Les émotions sont centrales dans la relation que l’on crée avec ses interlocuteurs. Un terrain sur lequel l’intelligence artificielle ne peut pas rivaliser avec nous.
L’un des aspects les plus troublants de ChatGPT est qu’il va venir se substituer à des métiers intellectuels.
Depuis les machines à tisser, les révolutions technologiques sont toujours venues perturber des métiers manuels ou à faible valeur ajoutée. Lorsque le péage automatique permet de sortir de leur guérite des centaines de salariés pour s’orienter vers un métier moins répétitif, il faut certes gérer leur reconversion. Mais le sentiment général est que l’on va dans le sens du progrès.
Lorsqu’on nous dit que l’intelligence artificielle (IA) va remplacer les journalistes, les avocats ou les médecins avec une plus grande fiabilité, se pose une question plus inquiétante : quelles activités professionnelles stimulantes et à forte valeur ajoutée vont demeurer ? D’autant que le buzz omniprésent sur le remplacement du travail humain par les outils utilisant l’IA, contribue encore à la crise du rapport au travail. A quoi bon s’investir si nous sommes, à terme, tous remplacés par des machines ?

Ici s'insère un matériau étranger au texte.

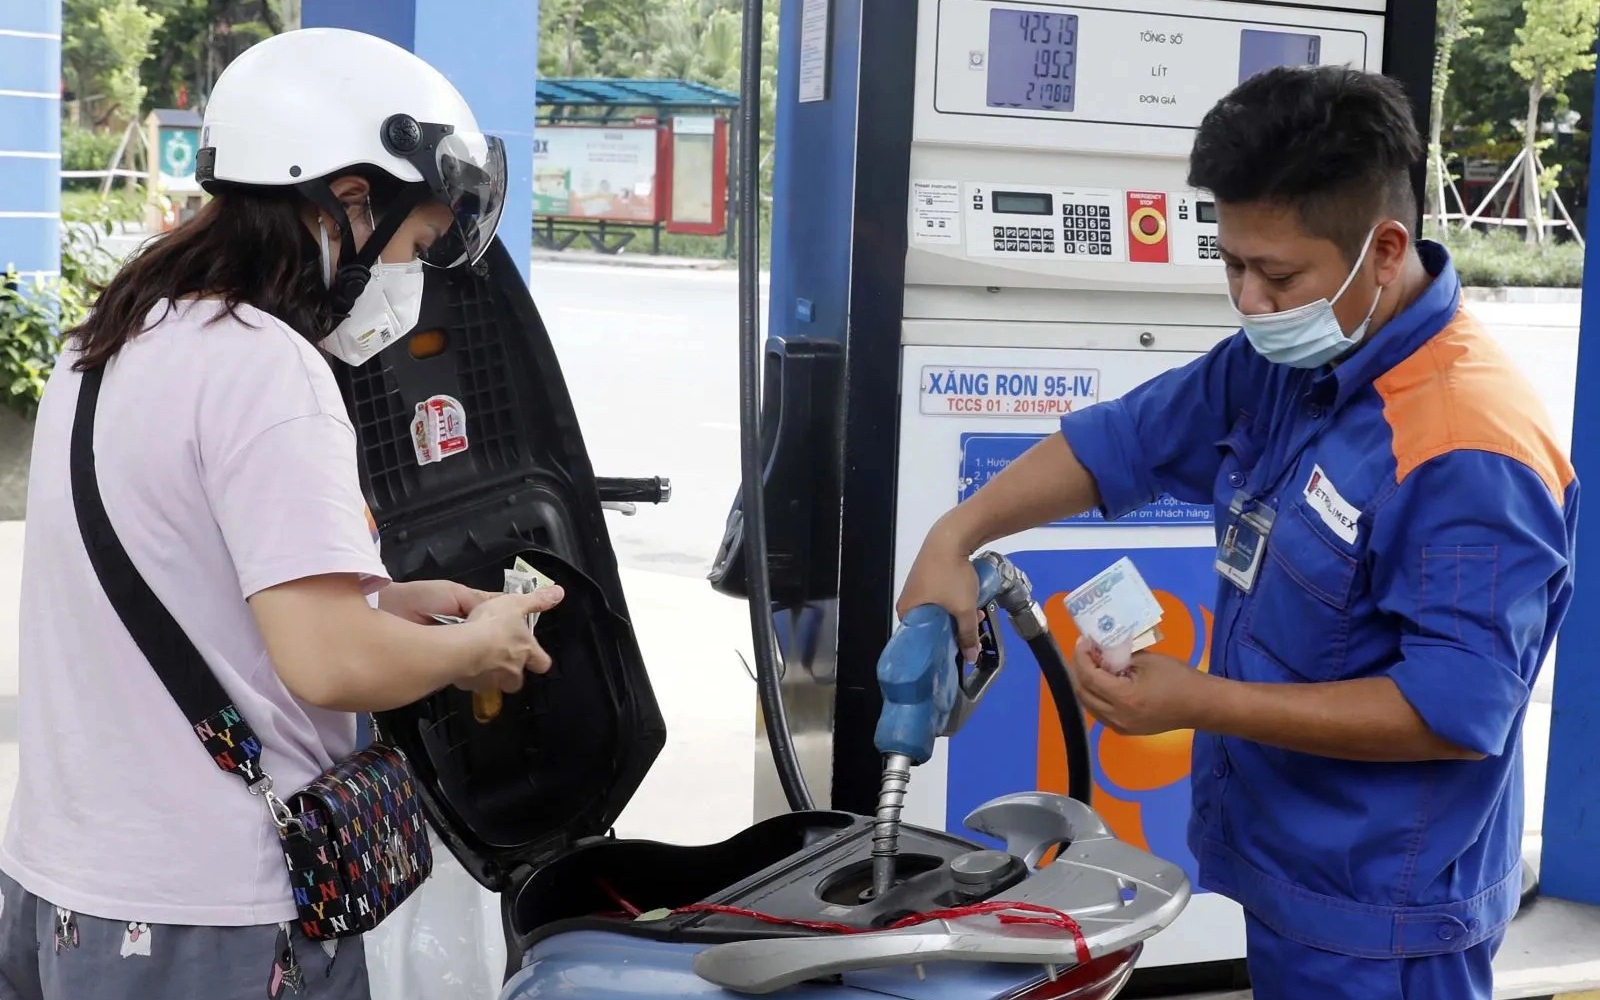 Giá xăng RON 95 giảm nhẹ, giá dầu diesel tăng gần ngưỡng 21.000 đồng/lít

Nos émotions comme avantage durable
Avec la somme des informations concernant un patient, l’IA peut faire un diagnostic médical. En revanche pour l’annoncer au patient, pour l’accompagner, pour qu’il puisse exprimer ses inquiétudes en se sentant entendu et soutenu, la valeur ajoutée de l’humain est, pour l’instant, très supérieure.
Il en est évidemment de même dans le domaine du management. L’IA peut être très utile dans le suivi individuel des collaborateurs de façon à s’ajuster au mieux à leurs spécificités. Mais elle ne remplacera jamais la qualité relationnelle qui les mettra en confiance, les encouragera à oser et leur permettra de s’épanouir dans ce qu’ils font au quotidien.
Rappelons que les avantages durables que nous avons sur l’IA sont nos émotions. Si l’IA peut les mimer et les détecter, en revanche elle ne peut pas les ressentir car pour cela il faut disposer d’un corps.
Ces émotions sont centrales dans la relation que l’on crée avec ses interlocuteurs. Car elles en constituent l’armature. Pour connaître la qualité relationnelle que l’on a avec quelqu’un de son entourage, il suffit d’interroger ses émotions.
La bonne nouvelle de l’IA est qu’elle va valoriser toutes les professions qui nécessitent de ne pas se limiter à une pure expertise. La compétence professionnelle sera de l’utiliser pour nourrir et amplifier son savoir, d’en faire des synthèses et de prendre position. Mais c’est dans l’usage du savoir de l’IA, à travers ses relations avec des tiers, que l’humain apportera une vraie différenciation.